**Given information:**
•••
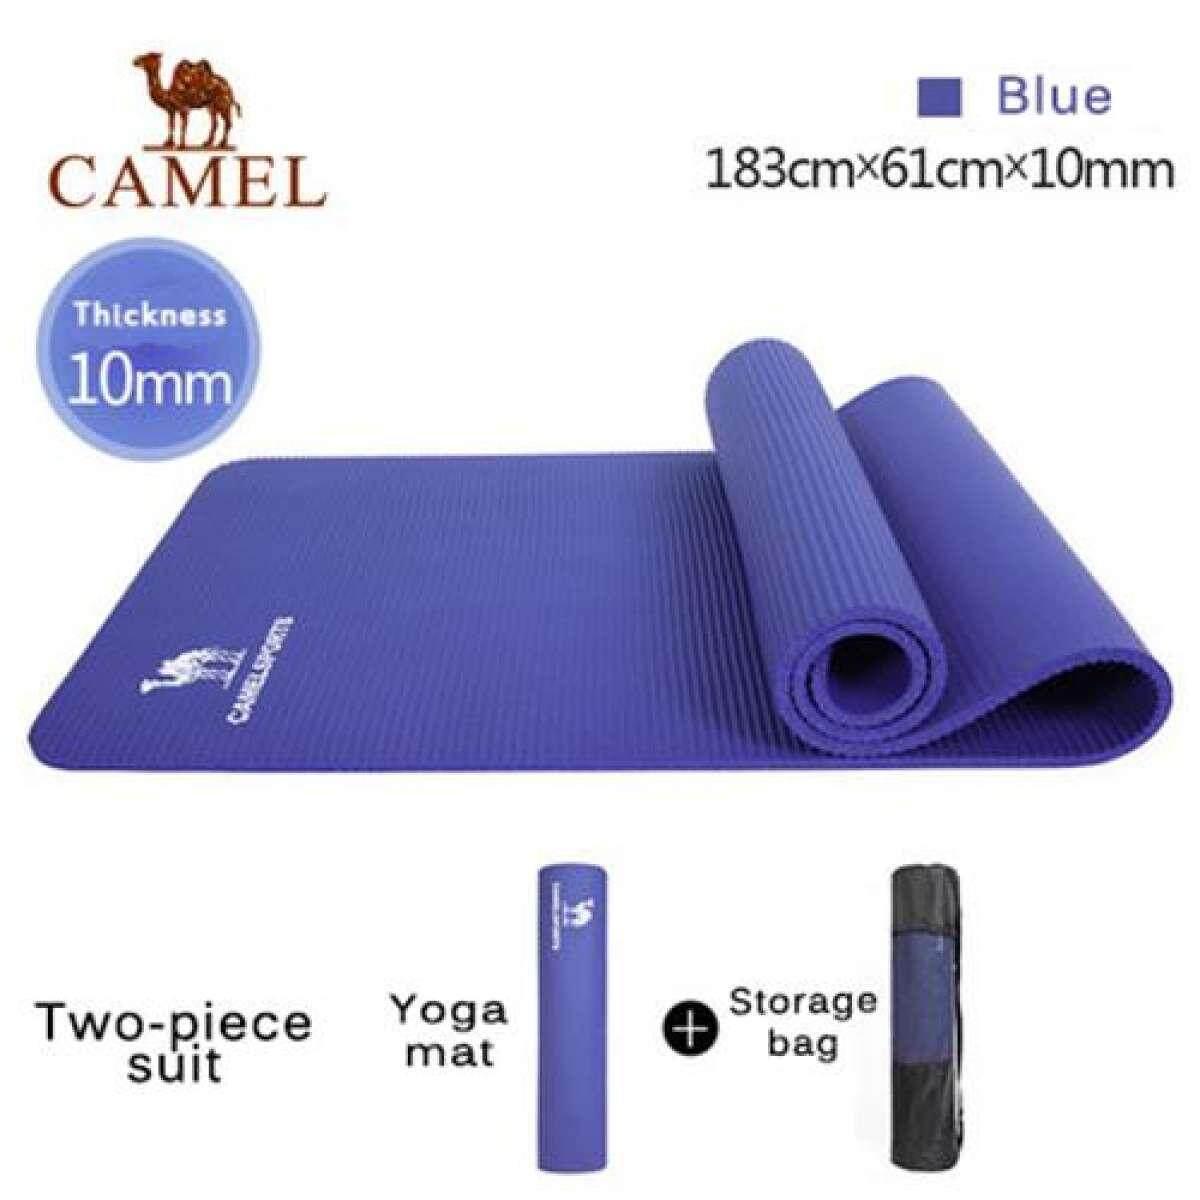 Unta Olahraga Luar Ruangan Berkualitas Tinggi Tikar Yoga Penebalan Non-Slip Fitnessfitness Pilates 183*61*1 Cm Mat Pemula -Intl By Camel International.
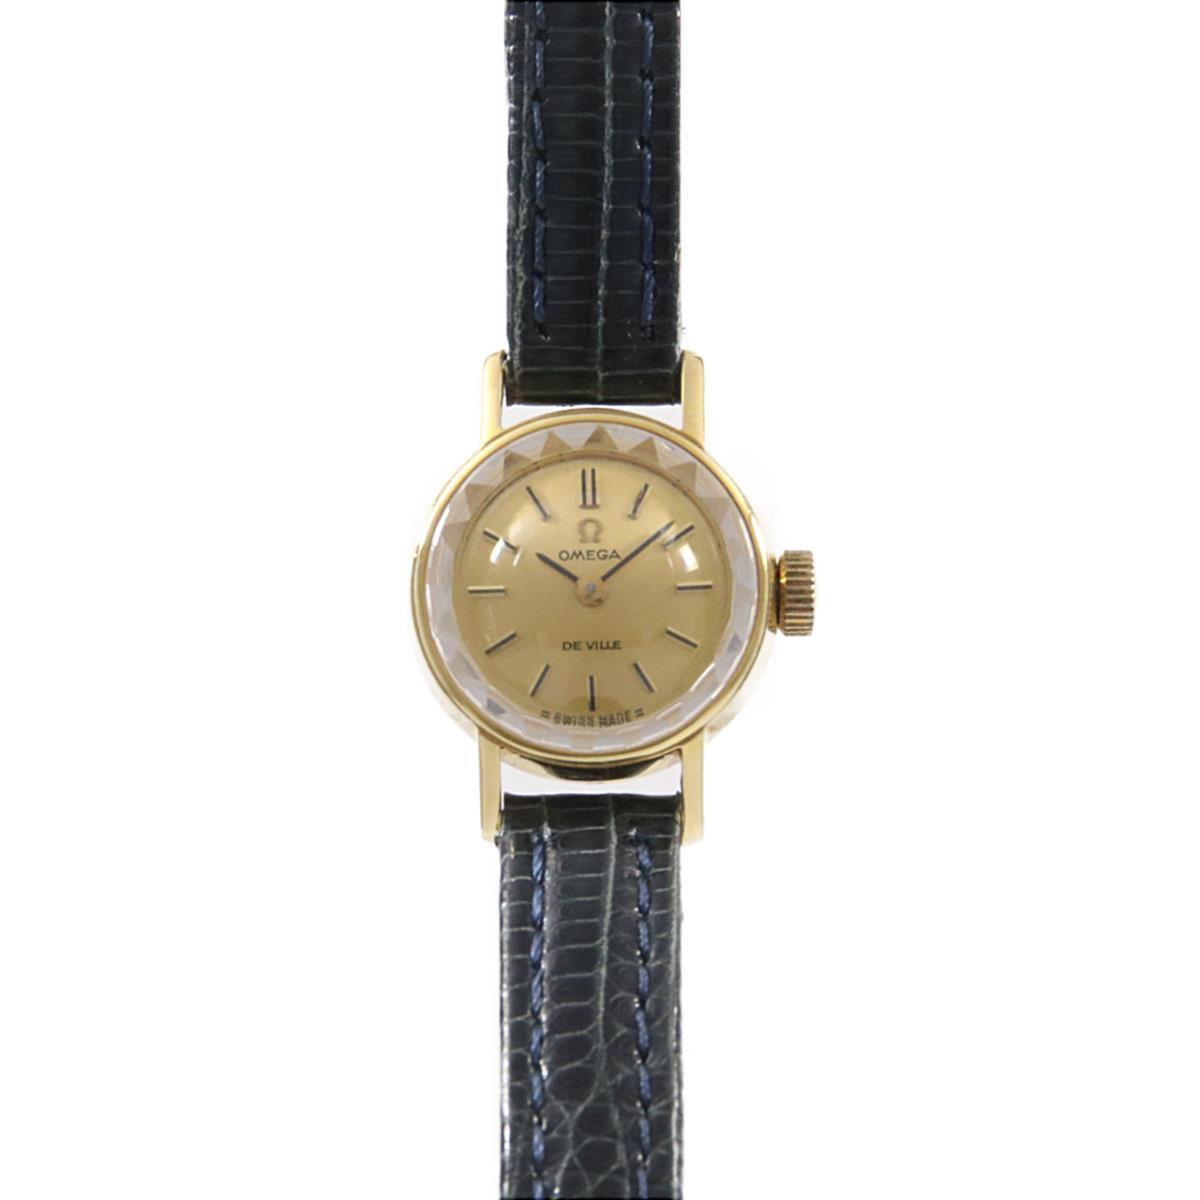 OMEGAのアンティーク腕時計
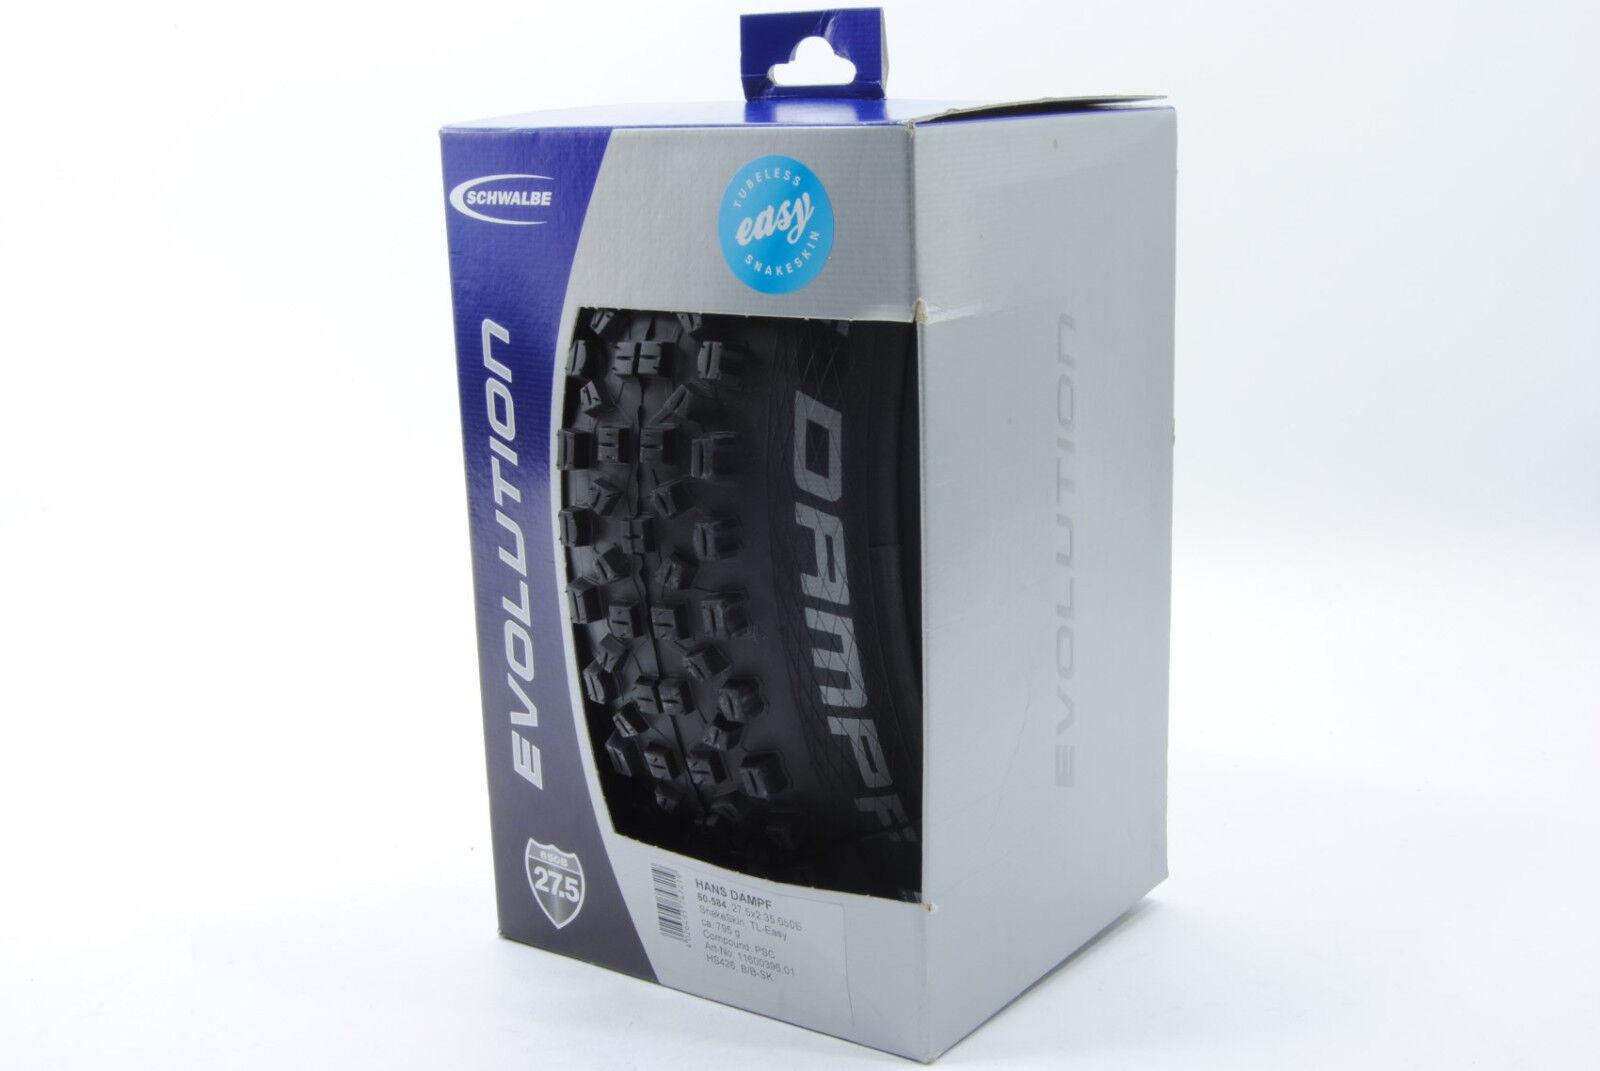 SCHWALBE HANS DAMPF Pacestar Snakeskin TL-READY EASY 27.5 x 2.35 Tire 27.5x2.35
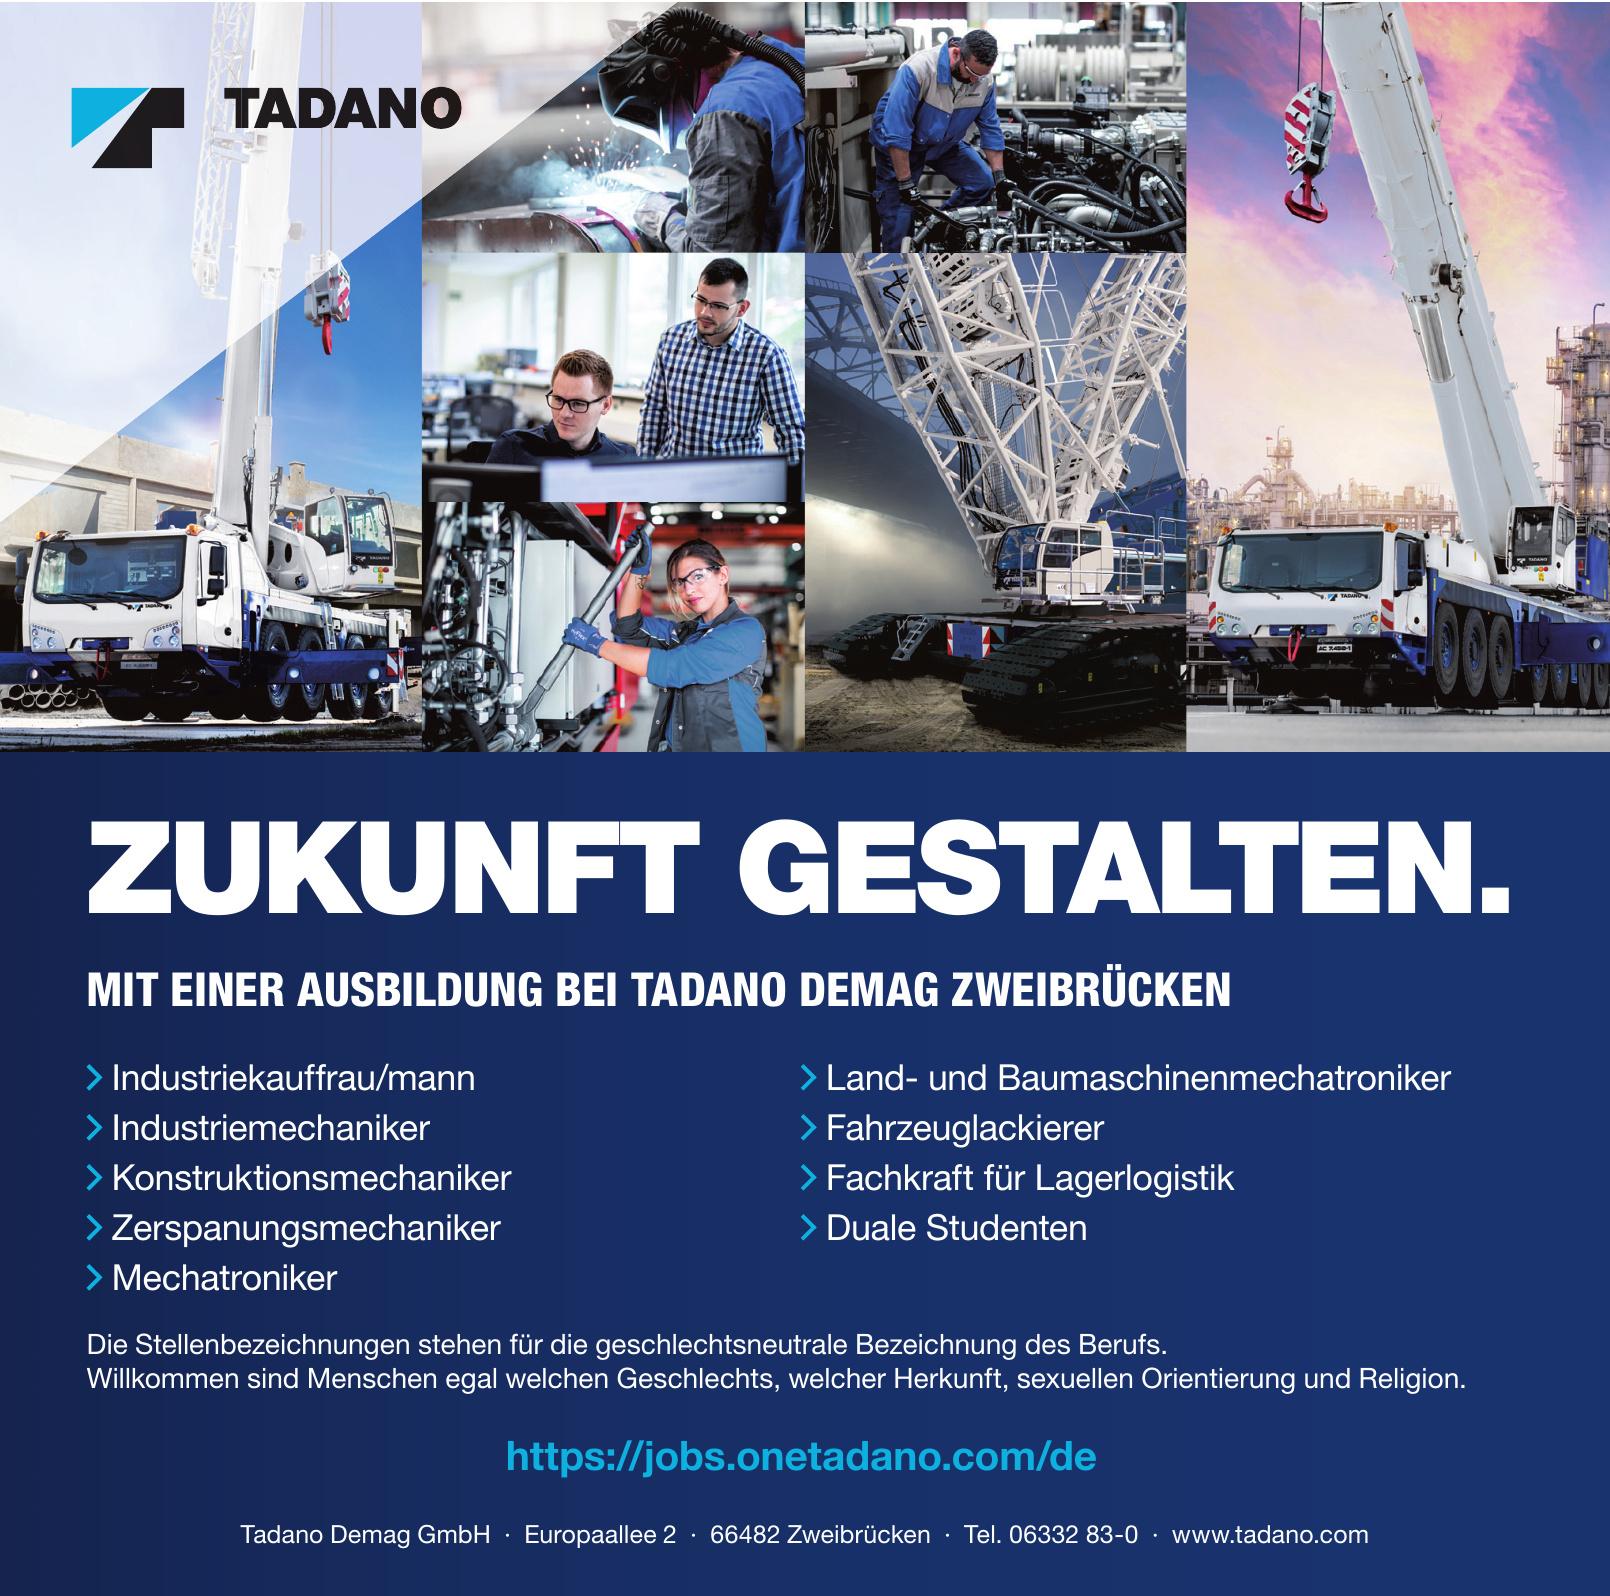 Tadano Demag GmbH
•••
**What the exercise asks:** An exact transcript of the listing is needed, free of pictures.

**Response area:**
 Unta Olahraga Luar Ruangan Berkualitas Tinggi Tikar Yoga Penebalan Non-Slip Fitnessfitness Pilates 183*61*1 Cm Mat Pemula -Intl By Camel International.
 OMEGAのアンティーク腕時計
 SCHWALBE HANS DAMPF Pacestar Snakeskin TL-READY EASY 27.5 x 2.35 Tire 27.5x2.35
 Tadano Demag GmbH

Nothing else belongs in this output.